**WHAT TO PRODUCE**
Once the line with "Biollante's Mount Mihara" is found in the entries below, print it and each following line exactly, stopping after the line with "Percentage of Motile"; print nothing else.

---+---

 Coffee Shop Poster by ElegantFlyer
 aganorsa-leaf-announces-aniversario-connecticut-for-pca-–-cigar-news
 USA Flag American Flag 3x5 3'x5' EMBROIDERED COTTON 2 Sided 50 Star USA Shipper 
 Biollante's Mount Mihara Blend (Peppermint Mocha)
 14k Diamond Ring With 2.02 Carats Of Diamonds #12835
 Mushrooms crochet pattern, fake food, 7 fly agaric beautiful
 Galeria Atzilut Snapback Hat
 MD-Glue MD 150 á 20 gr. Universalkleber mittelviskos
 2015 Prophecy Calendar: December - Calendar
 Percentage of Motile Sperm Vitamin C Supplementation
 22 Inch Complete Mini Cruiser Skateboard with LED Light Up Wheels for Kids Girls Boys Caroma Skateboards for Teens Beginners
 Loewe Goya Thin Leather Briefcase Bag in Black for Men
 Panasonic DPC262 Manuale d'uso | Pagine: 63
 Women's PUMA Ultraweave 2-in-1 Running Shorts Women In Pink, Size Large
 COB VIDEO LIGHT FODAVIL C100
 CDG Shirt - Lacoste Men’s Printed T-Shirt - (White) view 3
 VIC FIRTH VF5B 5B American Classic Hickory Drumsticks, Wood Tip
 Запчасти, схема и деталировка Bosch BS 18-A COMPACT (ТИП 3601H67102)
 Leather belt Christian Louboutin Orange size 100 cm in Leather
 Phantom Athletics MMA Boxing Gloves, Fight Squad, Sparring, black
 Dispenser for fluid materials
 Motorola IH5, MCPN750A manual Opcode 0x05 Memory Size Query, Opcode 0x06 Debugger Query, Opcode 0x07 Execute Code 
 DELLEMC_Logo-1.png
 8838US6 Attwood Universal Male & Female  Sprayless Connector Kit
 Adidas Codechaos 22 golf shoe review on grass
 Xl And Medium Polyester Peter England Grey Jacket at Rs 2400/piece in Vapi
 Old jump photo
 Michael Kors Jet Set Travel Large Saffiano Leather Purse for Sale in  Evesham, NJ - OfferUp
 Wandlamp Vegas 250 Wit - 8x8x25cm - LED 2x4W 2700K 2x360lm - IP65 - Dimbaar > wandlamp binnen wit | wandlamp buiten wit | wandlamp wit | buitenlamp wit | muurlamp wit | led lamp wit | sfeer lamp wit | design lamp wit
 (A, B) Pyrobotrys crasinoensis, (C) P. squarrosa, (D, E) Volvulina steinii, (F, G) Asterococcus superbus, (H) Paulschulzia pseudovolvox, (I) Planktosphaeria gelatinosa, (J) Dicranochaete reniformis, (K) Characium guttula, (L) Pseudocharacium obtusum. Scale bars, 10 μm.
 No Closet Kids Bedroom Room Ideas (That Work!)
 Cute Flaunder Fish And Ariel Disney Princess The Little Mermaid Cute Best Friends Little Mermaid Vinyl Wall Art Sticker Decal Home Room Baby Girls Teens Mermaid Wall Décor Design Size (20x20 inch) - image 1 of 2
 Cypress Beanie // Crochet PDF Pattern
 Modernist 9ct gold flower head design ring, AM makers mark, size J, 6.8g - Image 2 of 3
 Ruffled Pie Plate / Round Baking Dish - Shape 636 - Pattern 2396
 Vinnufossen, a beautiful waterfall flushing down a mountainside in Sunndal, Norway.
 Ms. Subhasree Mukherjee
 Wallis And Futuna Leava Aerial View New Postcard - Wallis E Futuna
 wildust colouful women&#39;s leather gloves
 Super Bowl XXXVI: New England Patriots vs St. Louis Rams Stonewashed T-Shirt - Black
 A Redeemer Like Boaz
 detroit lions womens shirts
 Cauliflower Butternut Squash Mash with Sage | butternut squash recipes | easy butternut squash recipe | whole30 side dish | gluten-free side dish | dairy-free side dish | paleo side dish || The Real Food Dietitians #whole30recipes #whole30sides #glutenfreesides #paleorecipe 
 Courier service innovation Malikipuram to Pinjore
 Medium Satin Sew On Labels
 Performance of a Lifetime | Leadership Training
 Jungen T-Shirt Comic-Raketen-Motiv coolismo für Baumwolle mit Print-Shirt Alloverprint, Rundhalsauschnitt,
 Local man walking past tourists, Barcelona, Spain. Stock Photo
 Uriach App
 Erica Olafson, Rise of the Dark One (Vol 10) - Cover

---+---

**RESPONSE TO THIS EXERCISE**
 Biollante's Mount Mihara Blend (Peppermint Mocha)
 14k Diamond Ring With 2.02 Carats Of Diamonds #12835
 Mushrooms crochet pattern, fake food, 7 fly agaric beautiful
 Galeria Atzilut Snapback Hat
 MD-Glue MD 150 á 20 gr. Universalkleber mittelviskos
 2015 Prophecy Calendar: December - Calendar
 Percentage of Motile Sperm Vitamin C Supplementation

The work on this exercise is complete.